Dive Brief:
- The coronavirus outbreak has forced the Food and Drug Administration to delay by two months a highly anticipated advisory meeting for obeticholic acid, which could become the first-ever drug for the fatty liver disease nonalcoholic steatohepatitis.
- Importantly for the drug's developer, Intercept Pharmaceuticals, obeticholic acid's timeline for potentially securing an FDA approval is still intact. The agency will decide whether to clear the drug by Jun. 26.
- While NASH's prevalence in the U.S. is growing fast, obeticholic acid has its drawbacks, and it's unclear if Intercept will be able to meet the multibillion-dollar financial forecasts for the drug. The pandemic, meanwhile, adds another wrinkle to any drug launch.
Dive Insight:
Intercept's announcement of the advisory panel delay isn't a surprise given the widening ripple effects of the coronavirus pandemic. A number of medical conferences, for instance, have either been canceled, postponed or moved online.
Even a virtual advisory panel would be a tall order, given the meetings bring together outside experts, patient advocates, company executives and FDA scientists to weigh the merits of an experimental drug. The FDA is "working on the infrastructure to handle virtual panels," wrote Cantor Fitzgerald analyst Alethia Young.
Intercept's disclosure could be taken positively, because obeticholic acid's path to market may not change. The advisory panel meeting will take place on Jun. 9, not Apr. 22, which is roughly three weeks before the agency's current Jun. 26 approval deadline on the drug. That's "the silver lining here," said Young. And indeed, shares climbed 15%, to about $71 apiece, in early Thursday trading.
Still, Young noted the timeline from advisory panel to drug approval decision is typically six weeks. A delay wouldn't be a shock, given the current state of the outbreak in the U.S. — some 69,000 confirmed cases according to Johns Hopkins data as of Mar. 26 — and its impact on various aspects of the economy.
That would add more questions to an already uncertain drug launch, should obeticholic acid be cleared through to market. There are no approved drugs for NASH, a disease that's become more common alongside rising rates of obesity in America. NASH occurs when the livers of some patients with fatty liver disease become inflamed and scarred, which can lead to liver failure.
NASH is estimated to affect some 15 million U.S. adults. It's typically treated with lifestyle interventions, like changes to diet and exercise, or other measures to control patients' metabolic and heart health.
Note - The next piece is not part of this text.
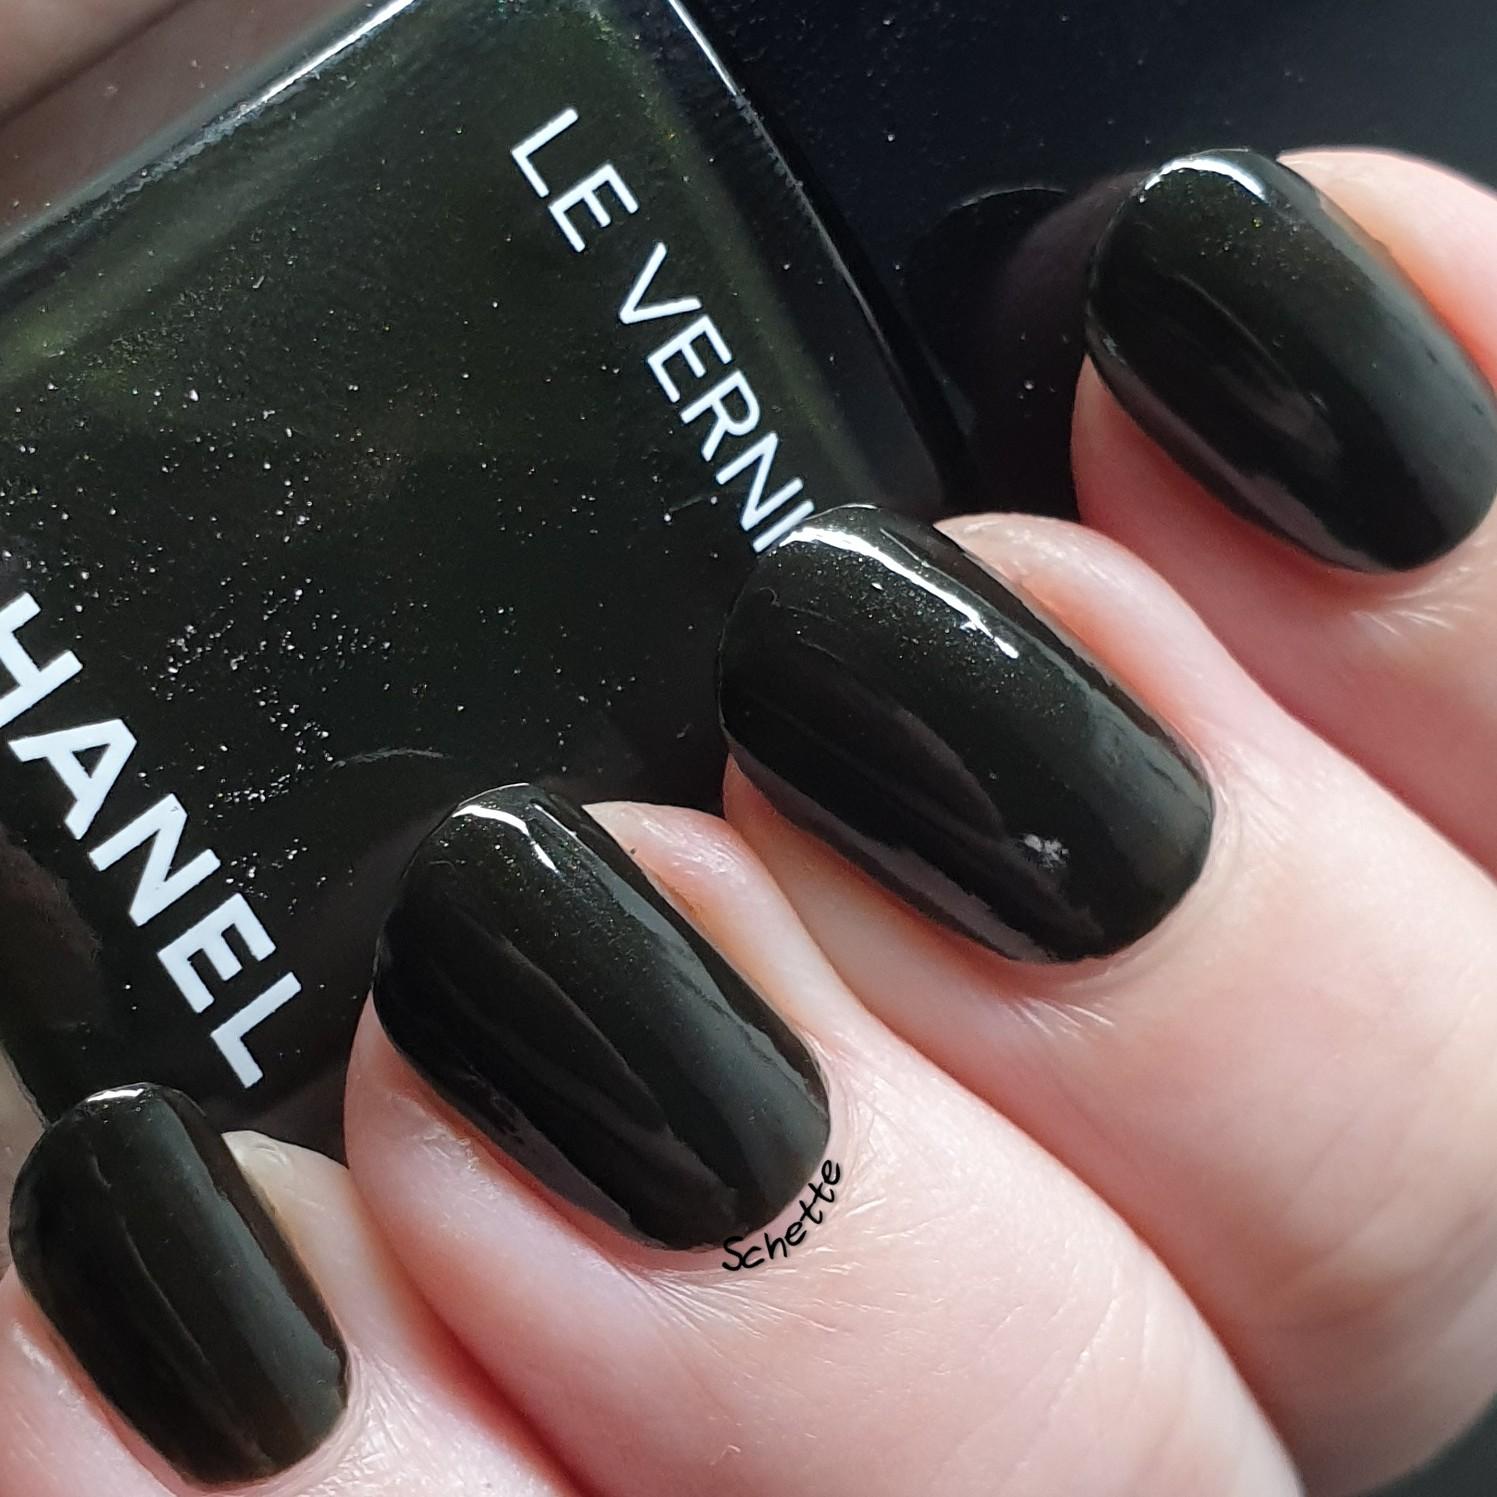 Chanel - Deepness

Intercept's drug is meant to help reduce patients' liver damage, but it isn't a panacea. Obeticholic acid's most significant positive effects — a reduction in liver scarring — were observed in about a quarter of patients on its highest tested dose. The drug causes itching and a rise in cholesterol, which is potentially worrisome given patients with NASH often are at high risk of heart problems.
The long-term health benefits to the drug are also up for debate. Intercept is tracking whether obeticholic acid can lower rates of death, hospitalization, and cancer, but has yet to report data. The "impact of obeticholic acid on quality of life and other patient-reported outcome measures remains unclear," wrote the nonprofit drug pricing watchdog ICER, in a report earlier this month.
ICER, which is increasingly influential with insurers, concluded that obeticholic acid is best suited for NASH patients with significant liver scarring and no history of heart disease. CEO Mark Pruzanski told BioPharma Dive earlier this year that those kinds of patients are where Intercept is focusing its efforts — on the roughly 500,000 who the company believes have advanced fibrosis and are being treated by specialists.